Qu’importe : cette « pensée en cours de formation » (p. 246) n’en sait pas moins relever les « flottements » de celle de Montesquieu, en dénoncer victorieusement les défaillances, en « débusquer les tautologies, […] les traiter avec ironie puis […] les corriger » et « traquer les lapalissades » (p. 257). Ces lignes se suffisent à elles-mêmes : l’ambition est immense, et à aucun moment Mme Dupin ne doute de ses capacités ; jamais ne l’a effleurée l’idée que là où elle voyait une tautologie ou une lapalissade, il y avait peut-être une idée qui lui échappait.

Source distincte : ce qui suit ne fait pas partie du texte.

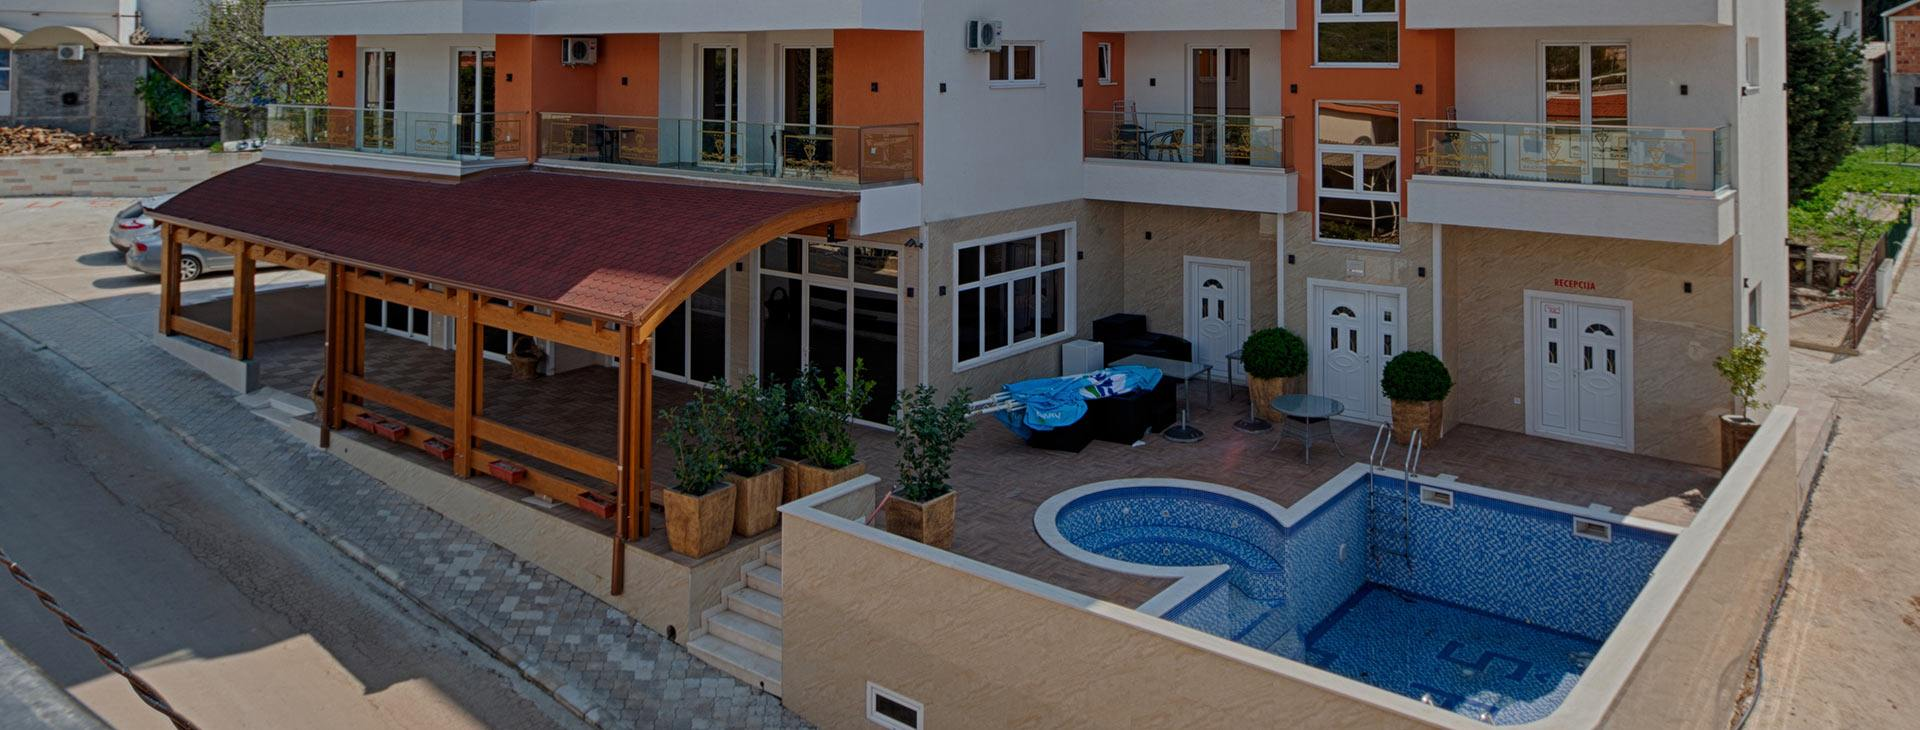 SARS Dobra Voda Czarnogóra, Riwiera Czarnogórska, Dobra Voda
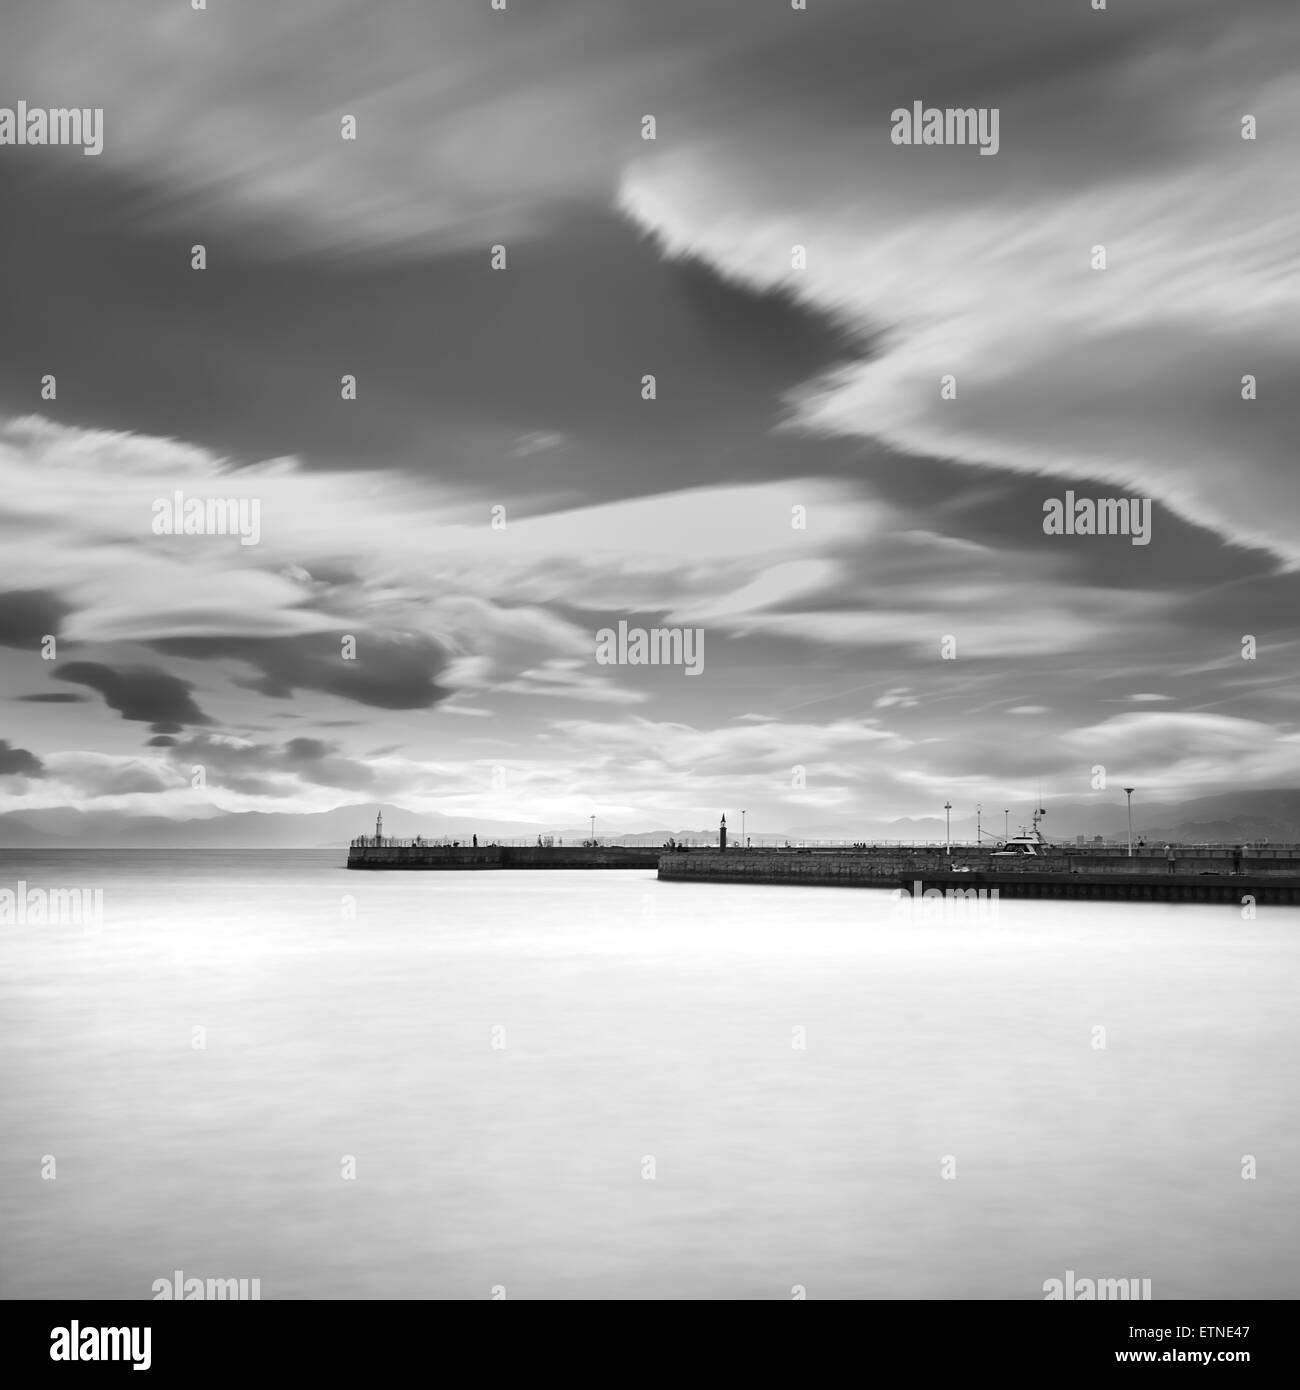 Enoshima pier and clouded sky, Kanagawa Prefecture, Japan - Stock Image

Tout se passe donc comme si L’Esprit des lois n’était pas un monument de la théorie politique, et comme s’il ne fallait pas beaucoup de munitions, et de solides arguments, pour l’attaquer. Mme Dupin ne le savait pas en 1749 ; pouvait-elle le deviner ? Il lui manque sans aucun doute la culture historique, politique et philosophique qui lui aurait été nécessaire pour entendre l’ouvrage, sans doute aussi une véritable méthode de travail qui lui permette de s’approprier la documentation rassemblée ou de se donner une maîtrise personnelle des matières traitées ; mais il lui manque avant tout le désir de comprendre L’Esprit des lois : sa position, méprisante et moqueuse, est constamment extérieure à son objet ; un persiflage si visiblement polémique peut-il être philosophique ? En 2020, la question est la même, et elle est autre : peut-on encore faire comme si le succès de L’Esprit des lois n’était qu’un effet de mode, dû à la complaisance de quelques beaux esprits parisiens, et comme s’il était inutile d’avoir le moindre bagage pour l’aborder, comme s’il était besoin de ne connaître ni L’Esprit des lois ni les fondements théoriques qui permettent d’en mesurer la nouveauté et la profondeur ?
D’autres que nous sauront dire ce qu’il faut penser de l’activité propre de Rousseau ou de l’intérêt qu’il y aurait à comparer les critiques de Mme Dupin avec celles que Claude Dupin a rédigées de manière obstinée de 1749 à 1759. Mais il nous semble que la confrontation avec Montesquieu ne constitue pas le meilleur moyen de présenter la pensée de Mme Dupin, car elle la révèle sous son plus mauvais jour. Lui rendrait mieux justice un examen synthétique et raisonné de ses travaux, en eux-mêmes et pour eux-mêmes (et non pas au fil des chapitres de L’Esprit des lois ou des thèmes abordés par chaque dossier), appuyé sur une étude de l’utilisation et de la pertinence des sources, qui permettrait d’en discerner les lignes de force, au-delà du soutien sans faille à l’absolutisme dont il a été question. Cela permettrait d’éprouver la validité intrinsèque de l’argumentation, dans son développement propre mais aussi dans une véritable histoire des idées politiques et philosophiques. Sans doute la publication des transcriptions de ces volumineux dossiers permettra-t-elle de lever tous les malentendus et de mieux faire connaître la démarche de Mme Dupin.